Media organizations reported Wednesday (February 17) that the homegrown COVID-19 variant sweeping California has combined with the highly-contagious UK variant.
The result is yet another mutation, a hybrid virus.
This has started to spark fears that the new resulting virus will be more contagious.
A sample from California showed a recombination of the B117 strain first detected in the UK and the California B1429 one being blamed on a surge in cases in Los Angeles.
It was discovered by Bette Korber at the Los Alamos National Laboratory in New Mexico.
Such recombination of variants is feared because it can create even more dangerous variants.
Reports describe the combination of the two variants as an “anomaly”.
Researchers in New Mexico believed it is the first recorded “recombination event” of the COVID-19 pandemic between a variant of SARS-CoV-2 that originated in the UK and another from California.
It’s unclear how much of a threat the new recombinant could be as the COVID-19 pandemic continues.
The pandemic has already infected nearly 110 million people worldwide.
The combination of the more transmissible B117 variant from the UK with the B1429 variant from California, which is reportedly able to resist some antibodies, is worrisome to epidemiologists.
With the emergence of more variants of the novel coronavirus, recombination may pose a bigger threat since it can occur when someone is exposed to two different strains at once.
There are a variety of factors that impact the transmissibility of a virus.
These include human behaviour, population structure and immunity levels.
As of February 17, Canada has a total of 834,182 recorded cases of COVID-19.
In the last seven days, 20, 200 new cases were reported, and 431 deaths were reported in that time period.
Canada has a total of 779,761 recovery cases.

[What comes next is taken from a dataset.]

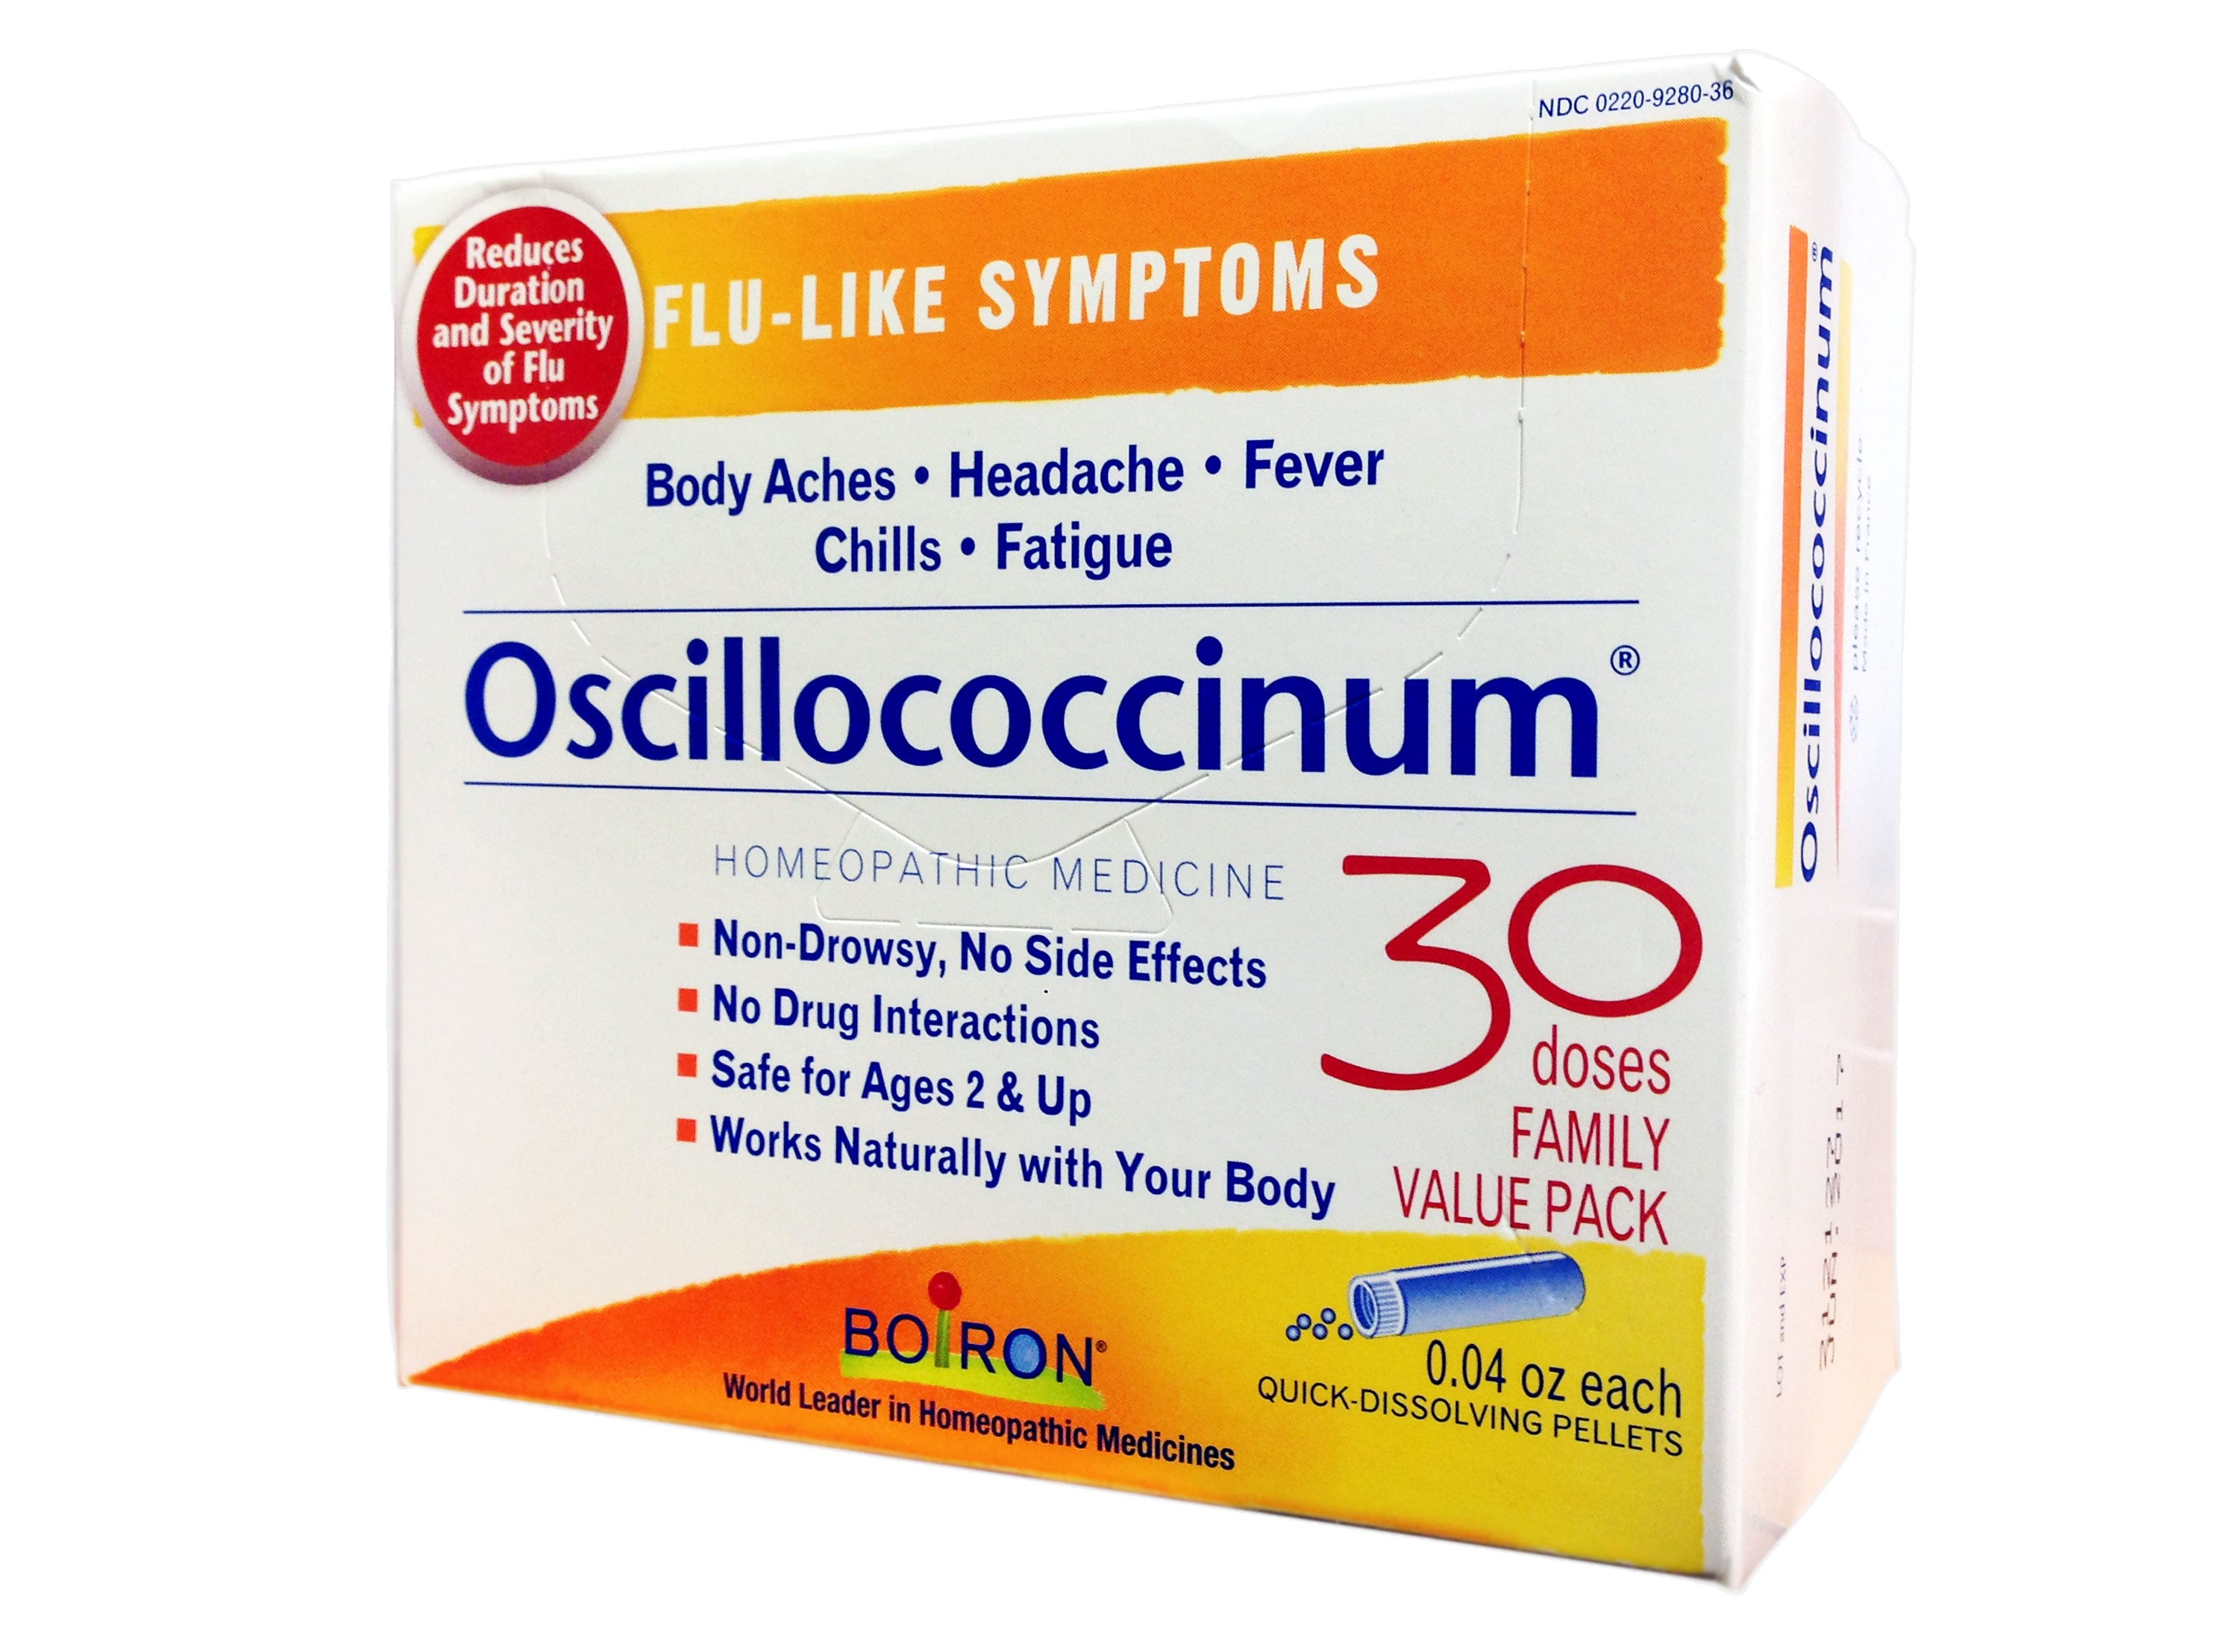 Boiron Oscillococcinum Unit Dose, Homeopathic Medicine For Flu-Like Symptoms, Body Aches, Headache, Fever, Chills, Fatigue, 30 Doses
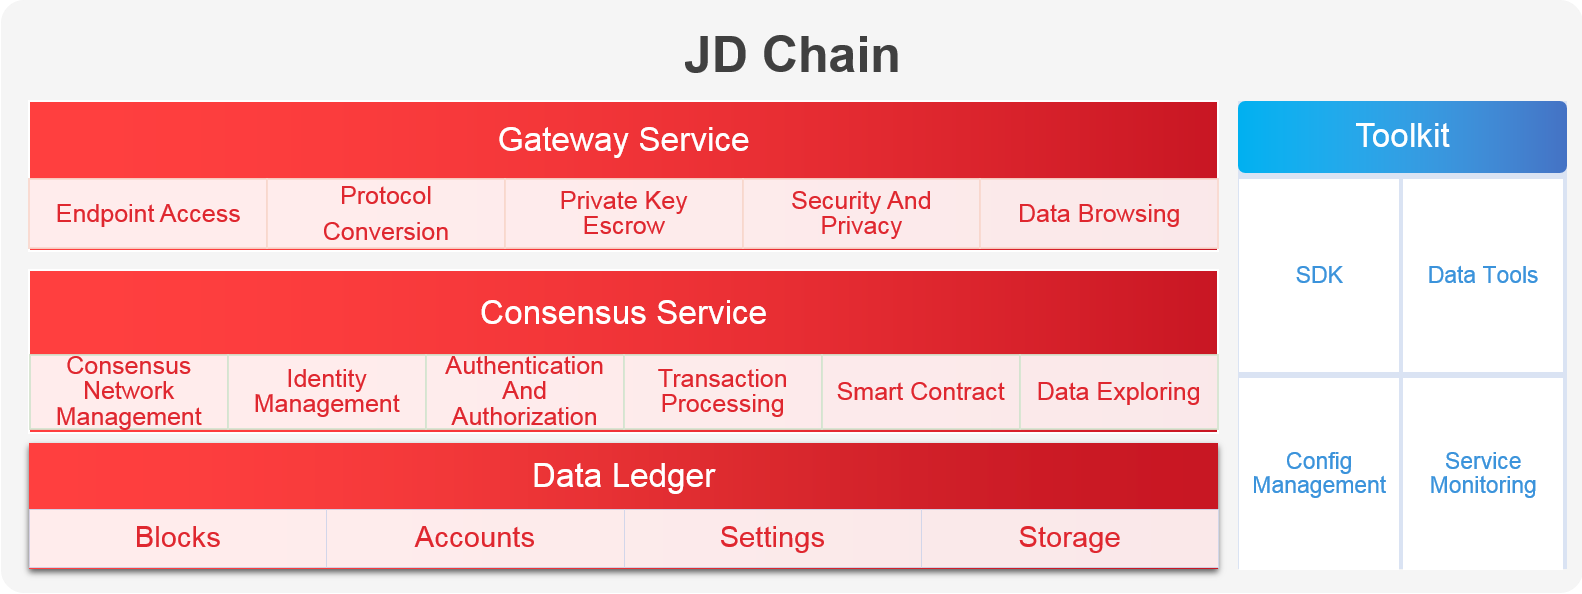 JD Chain, JD’s self-developed blockchain framework open for businesses

A total of 21,435 deaths have been recorded in the country.
In B.C., provincial health officer Dr. Bonnie Henry and Minister of Health Adrian Dix reported on February 17 a total of 427 new cases.
This brings the number of cases in B.C. to a total of 74,710.
There are 4,150 active cases of COVID-19 in B.C., as of February 17.
There are 232 individuals currently hospitalized with COVID-19, 63 of whom are in intensive care. The remaining people with COVID-19 are recovering at home in self-isolation.
Currently, 7,238 people are under active public health monitoring as a result of identified exposure to known cases. A further 69,167 people who tested positive have recovered.
To date, 176,015 doses of COVID-19 vaccine have been administered in B.C., 26,030 of which are second doses.
There have been three new COVID-19 related deaths, for a total of 1,317 deaths in British Columbia, as of February 17.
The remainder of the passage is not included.